Avec Schaeffer

Publié le par memoire-et-societe

Sanctionné en 1968 après la grève des journalistes de l' ORTF, j' ai été courageusement recueilli par le responsable du "Service de la Recherche", Pierre Schaeffer, qui a osé me caser à la tête d' un département "Information" créé pour la circonstance.
J' ai passé deux ans (1969-71) auprès de cet homme alors considéré comme visionnaire du son et de l' image, chef de file de l' avant-garde audio-visuelle. Polytechnicien, ami de Jacques Copeau, disciple de Gurdjieff, et grand théoricien de la "musique concrète", c' était un personnage hors norme. Il a, diva outragée, consacré une partie de sa vie à se bagarrer contre l' administration de la radio-télévision publique qui estimait qu' il coûtait fort cher à l' entreprise au regard d' une production maigrelette. C' est d' ailleurs pourquoi Schaeffer réservait une autre partie non négligeable de son temps à répéter que "plus on monte, plus c' est pourri" et à parcourir le monde, en quête d' une reconnaissance internationale qui devait lui permettre ensuite de négocier des projets de budget vertigineux, vite ramenés à la portion congrue au mépris de la santé de notre chef comptable.

C' est dire que ce Service, dont la réputation d' anticonformisme et d' insouciance trésorière était reconnue de tous, attirait la foule des créateurs sans domicile fixe, et constituait en lui-même un "show" dont le maître des lieux s' ingéniait à faire le chiffon rouge des inspecteurs et contrôleurs d' Etat. Cinéastes expérimentaux, ethno-acousticiens, néo-concertistes, psycho-phénoménologues, électrographistes, post soixante- huitards du type Lapassade (Paris VIII) que les Situationnistes venaient là traiter de "gros con", se bousculaient pour entendre la Parole que Schaeffer délivrait d' un ton blasé à un parterre,au sens le plus littéral du terme, d' étudiantes extasiées.

Le "bureau" du patron introduisait d' emblée dans l' atmosphère de dérision raffinée et de flegmatique improvisation qui prédominait. Il s' agissait, à l' étage, d' une très vaste pièce richement moquettée et entièrement vide. Pas de meuble, de dossier, pas même la moindre feuille de papier. Une chaise ordinaire unique, sur laquelle Schaeffer daignait s' asseoir, sa serviette de cuir sur les genoux, pour écrire. Quand il tenait réunion, sans ordre du jour ni horaire précis, les participants prenaient donc place par terre, en arc de cercle.
Pour le reste, la " Recherche" investissait un bel hôtel particulier (le Centre Pierre-Bourdan), ceint de gazon à l' anglaise et situé à deux pas de la "Maison ronde" (Radio France). Schaeffer y avait fait aménager un ensemble spécialement incommode, peuplé de bouts de couloir, de niches, de faux balcons, de demi cagibis, d' embrasures-surprises et autres recoins tarabiscotés d' où émergeait à tout instant quelque chercheur affairé. L' image de ruche ne pouvait manquer de saisir l' esprit du visiteur, le décor de lui rappeler un tableau de la Commedia dell' Arte.

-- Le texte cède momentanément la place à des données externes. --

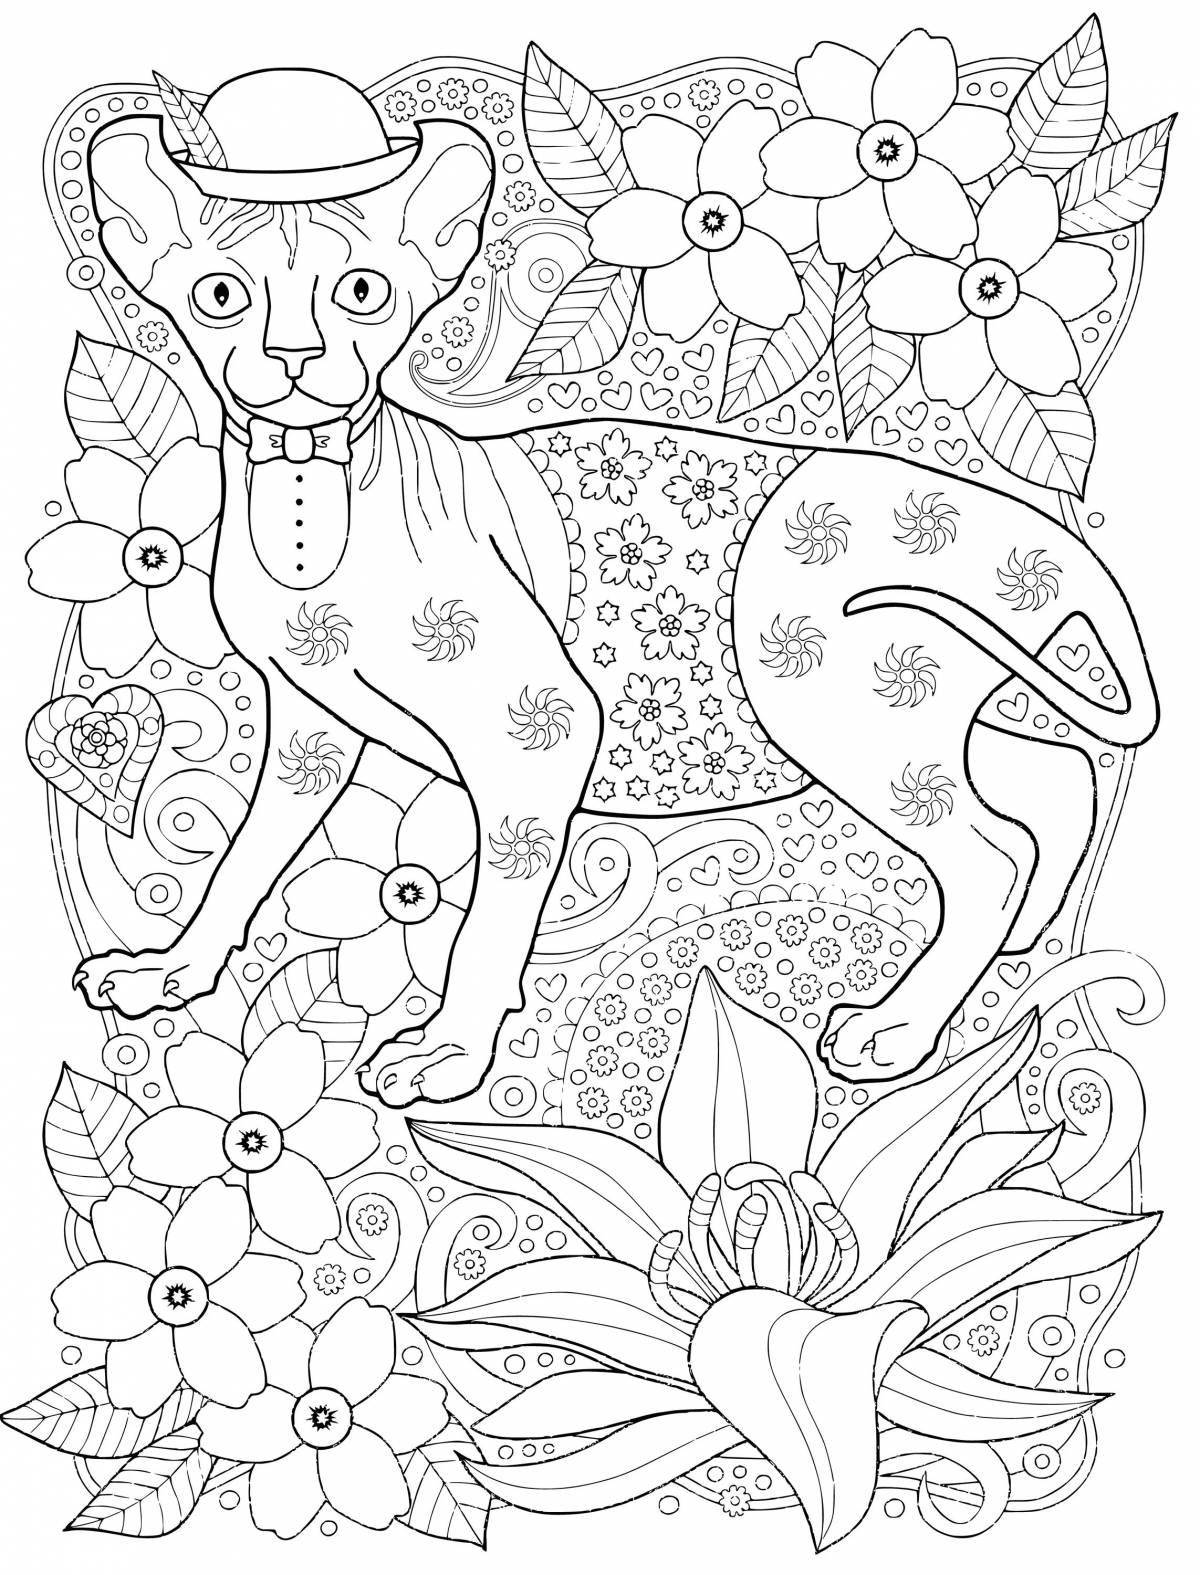 Coloring page playful sphinx cat

De cet antre surréalisant sont cependant nés des "objets de communication" (i.e. des émissions) qui ont marqué les années 60-70, tels "Les Shadoks", les séries "Un certain regard" et "Vocation", les oeuvres de compositeurs comme Pierre Henry, François Bayle, Bernard Parmigiani.

En 1974, Chirac a fait éclater l' ORTF, que personnellement j' ai quitté depuis trois ans, en un chapelet de structures et de chaînes. Je me trouve à des milliers de kilomètres au moment où mon ancien service est fondu dans un Institut de l' Audio-Visuel (INA) plus tourné vers l' archivage que vers l' expérimentation. Alors Schaeffer, atteint par l' âge de la retraite, est retourné à ses travaux personnels de musicologue et de théoricien. De lui, je garde aujourd'hui le souvenir ému d' un pionnier incompris et parfois maladroit, qui a néanmoins ouvert en France les pistes dont ont su s' inspirer des formes de communication contemporaine.